Zainool Ali, the plant’s superintendent, said the recent building boom in North Brooklyn has led to an uptick in construction materials. He laughed while recalling a long wooden beam that had recently been caught in the grate; a twisted piece of metal, possibly once part of a guardrail, lay on the floor nearby.

While potentially amusing, these foreign items can cause serious damage to the plant’s infrastructure. Autumn can be a particularly trying time: the Newtown Creek plant filters enough leaves to fill a 30-yard Dumpster every 30 minutes, Mr.
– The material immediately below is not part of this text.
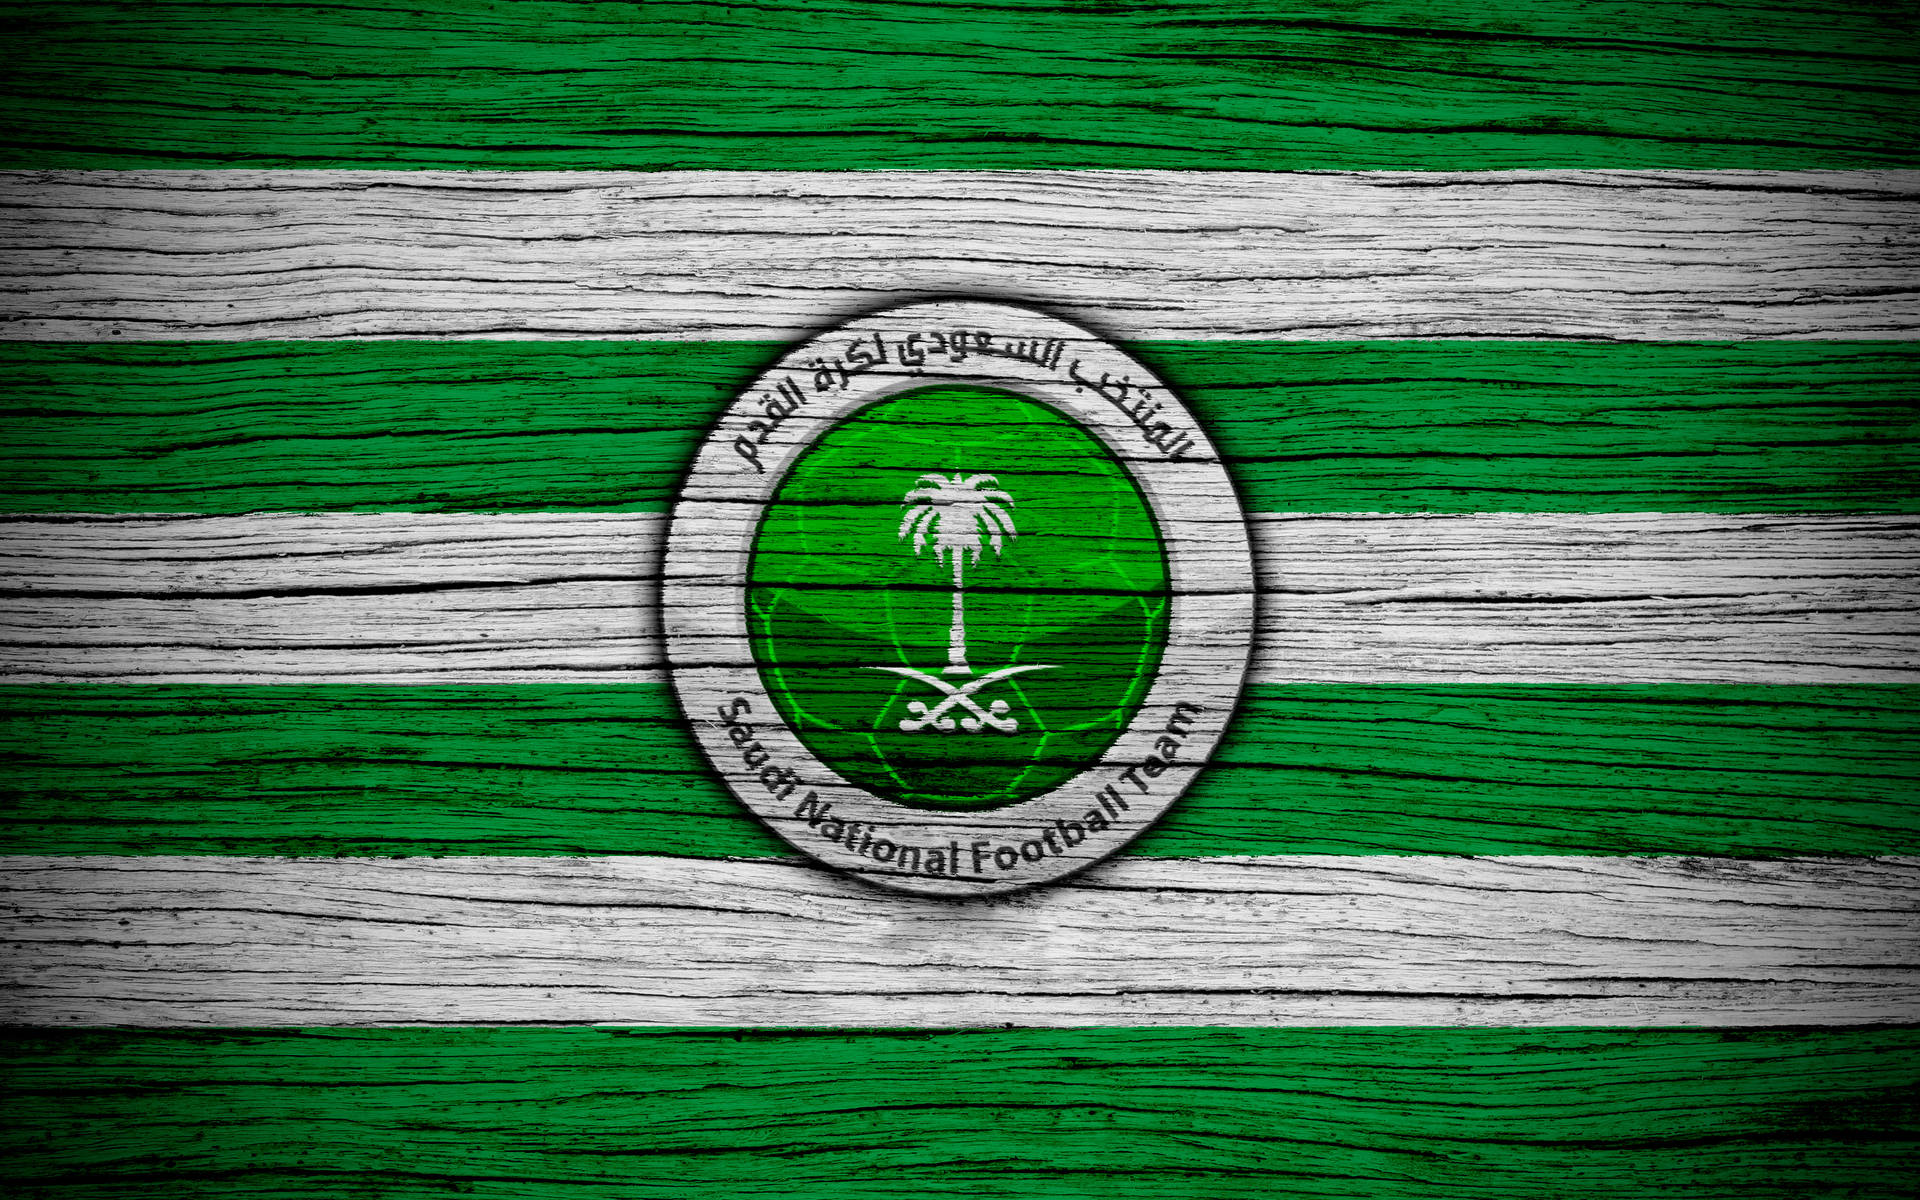 Saudi Arabia National Football Team Wood Sign Wallpaper

Ali said.

So how did these materials end up in the sewage system?

In some areas, including wide swaths of southern Brooklyn and eastern Queens, street-level runoff is piped directly into local waters. The majority of the city, however — including the areas served by the Newtown Creek plant — uses a “combined” sewer system, which mixes this runoff with household waste.

One advantage of the combined system is that it captures pollutants like gasoline and motor oil — not to mention wooden beams and metal rails — that manage to find their way into runoff drains.

The downside is that too much rain or melting snow can cause the combined system to exceed capacity. When that happens, the system has no choice but to release untreated sewage directly into nearby waterways, an event called an “overflow.”

The city has sought to mitigate this problem in recent years by increasing the combined system’s capacity. The system still averages around one overflow per week, releasing just under 20 billion gallons of raw sewage – most of it excess stormwater – directly into surrounding waterways each year. The system now retains more than 80 percent of the sewage that enters it on rainy days, up from 30 percent in 1980.

While the design explains most of the weird, larger stuff that ends up against the grate, from time to time the Newtown Creek plant will receive an item that baffles even the most experienced veteran. The most recent example: a child’s bicycle, fully intact.

“We have no idea how it got in,” Mr. Ali said.